Medieval Armenian kingdom

The Kingdom of Tashir-Dzoraget (Տաշիր-Ձորագետի Թագավորություն Tashir-Dzorageti t'agavorut'yun), alternatively known as the Kingdom of Lori or Kiurikian Kingdom by later historians, was a medieval Armenian kingdom formed in the year 979 by the Kiurikian dynasty, a branch of the Bagratuni dynasty, as a vassal kingdom of the Bagratid Kingdom of Armenia. The first capital of the kingdom was Matsnaberd, currently part of modern-day Azerbaijan.

It was located on the territories of modern-day northern Armenia, northwestern Azerbaijan and southern Georgia. The founder of the kingdom and the Kiurikian dynasty was king Kiurike I (also known as Gurgen I).

In 979 King Smbat II of Armenia granted the province of Tashir to his brother Kiurike with the title of king. The branch went on to outlive the main one in Ani.

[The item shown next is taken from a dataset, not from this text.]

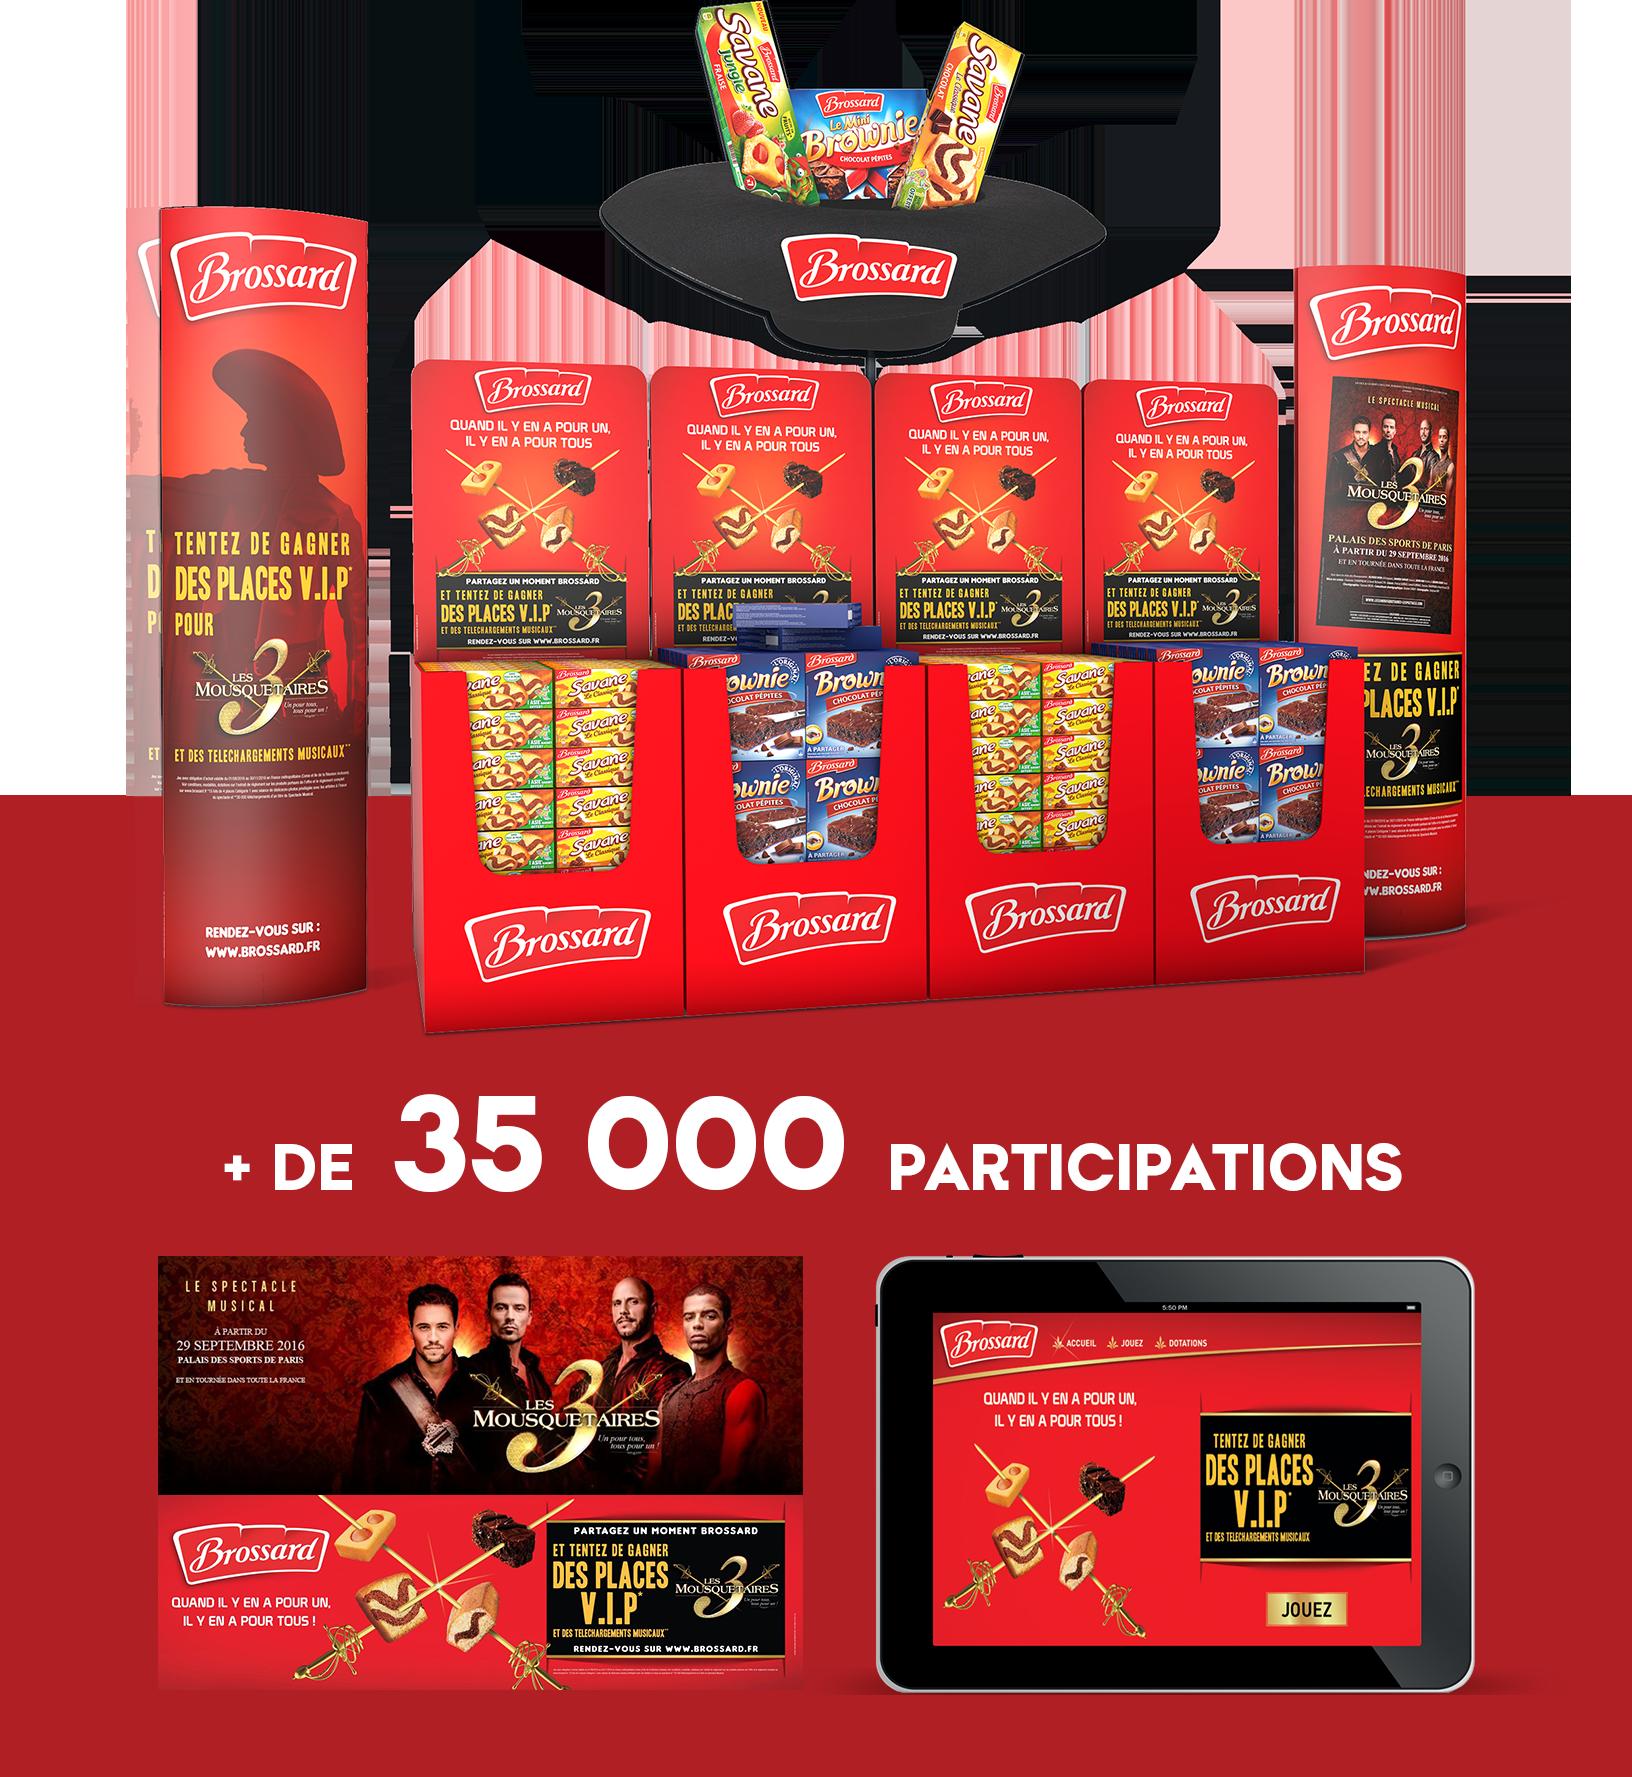 Agence communication Rangoon - shopper marketing home marketing Jacquet Brossard Savane Brownie licencing Les 3 Mousquetaires

It became especially strong during the reign of King David I Anhoghin who succeeded his father Kiurike and ruled between 989 and 1048. David I Anhoghin conquered some territories from Emirates of Tbilisi and Ganja, and chose Samshvilde as his residence. In 1001, he unsuccessfully tried to gain independence from the Bagratid kings. After failing he was punished by King Gagik I, who confiscated all of his possessions; after this David was to become known as "Anhoghin" meaning "the Landless." David I was succeeded by his son Kiurike II, who ruled between 1048 and 1089. After the fall of the Bagratid Kingdom of Armenia in 1045, Kiurike II was bestowed by the Byzantines with the title of Kouropalates and became an independent ruler.

Kiurike II moved the capital from Matsnaberd to Lori in 1064. During the Seljuk invasions of the Caucasus, Kiurke II became a vassal of the Seljuk Empire.

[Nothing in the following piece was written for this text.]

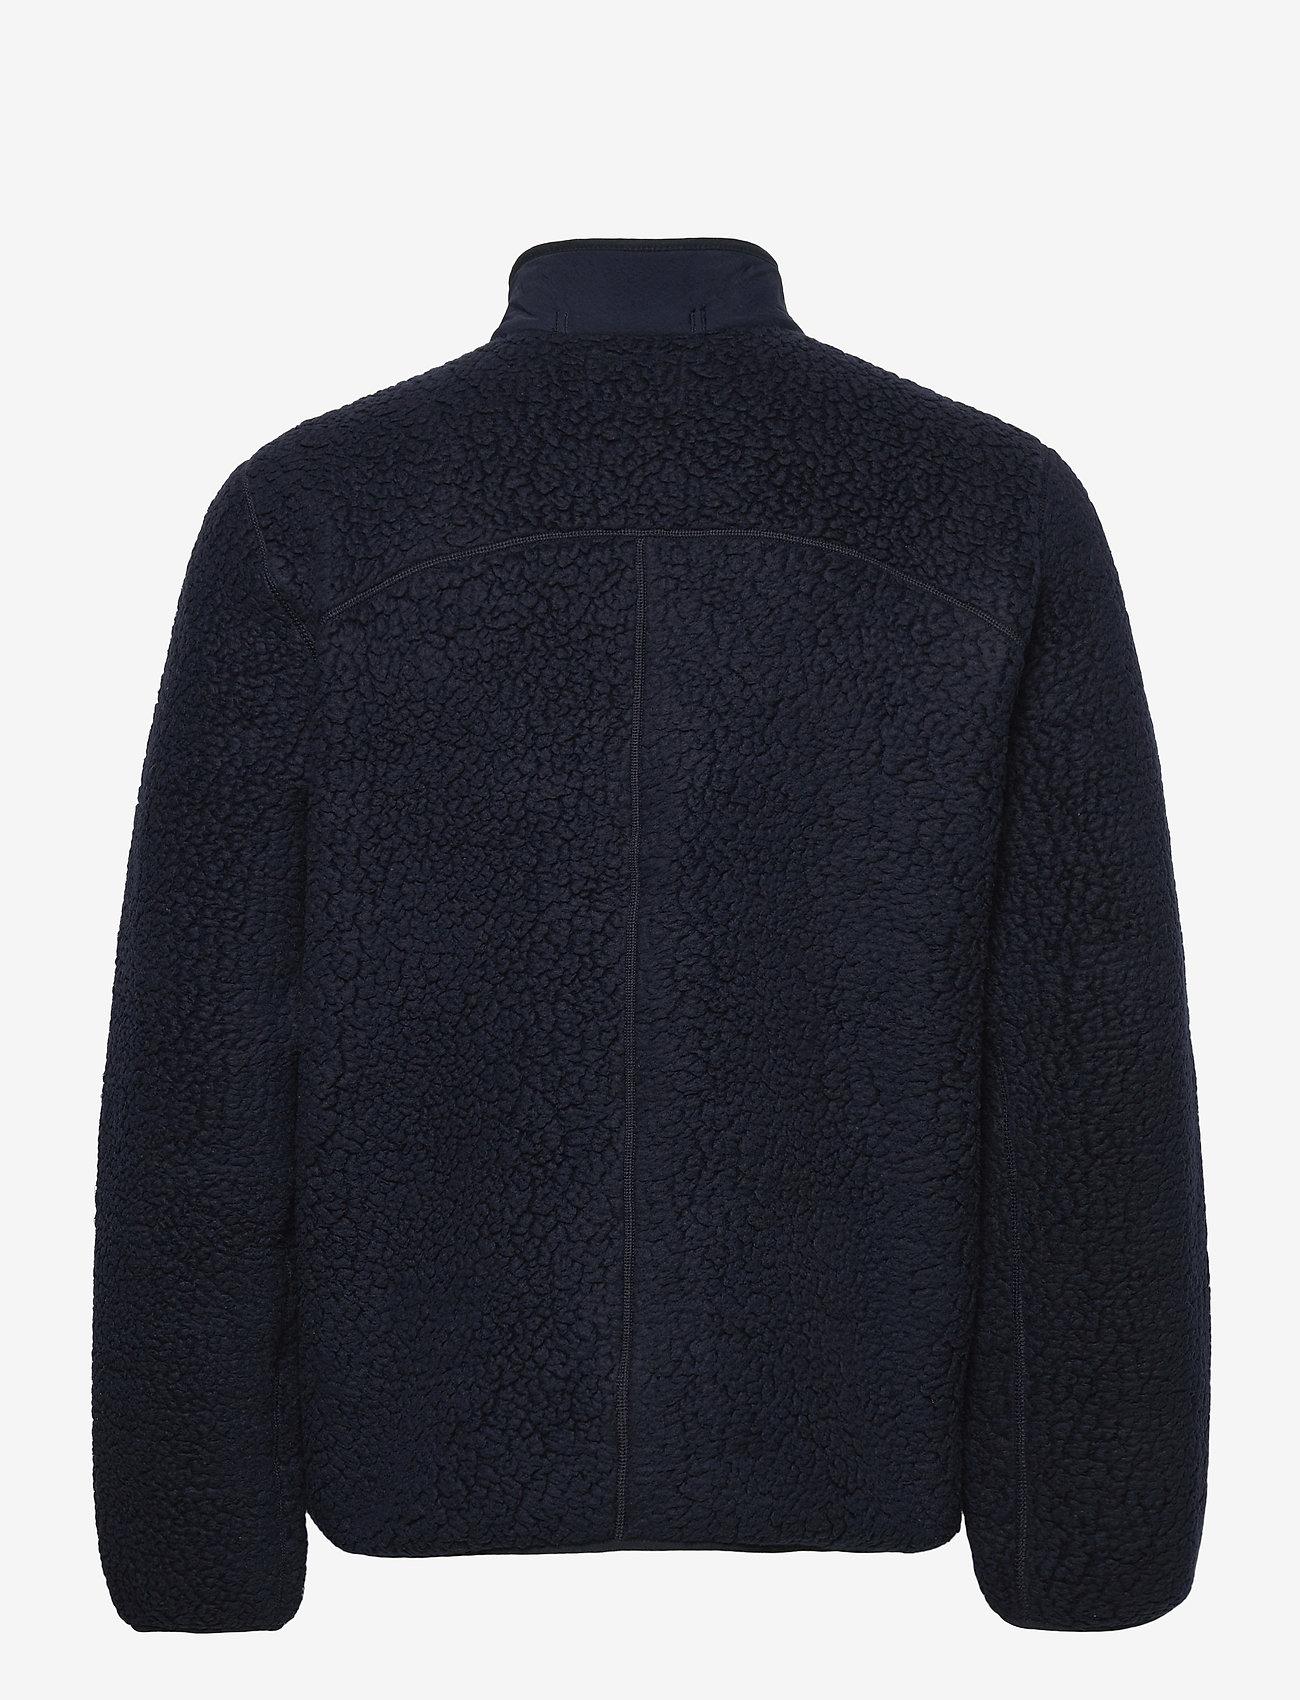 J.Crew - Polar Sherpa Fz Jkt - basic-sweatshirts - blue - 1

At the peak of its power, kingdom of Tashir-Dzoraget became suzerain of the Emirate of Tiflis and the kingdom of Kakheti-Hereti, where a branch of Kiurikian dynasty ruled from 1029 to 1105.

In 1089, David II succeeded his father Kiurike II, and ruled until 1118 when Tashir-Dzoraget was annexed to the Kingdom of Georgia.

After this, the Kiurikians, having strengthened themselves in the fortresses of Tavush, Matsnaberd and Nor-Berd, retained their royal title until the beginning of the 13th century, when Mongols conquered the region.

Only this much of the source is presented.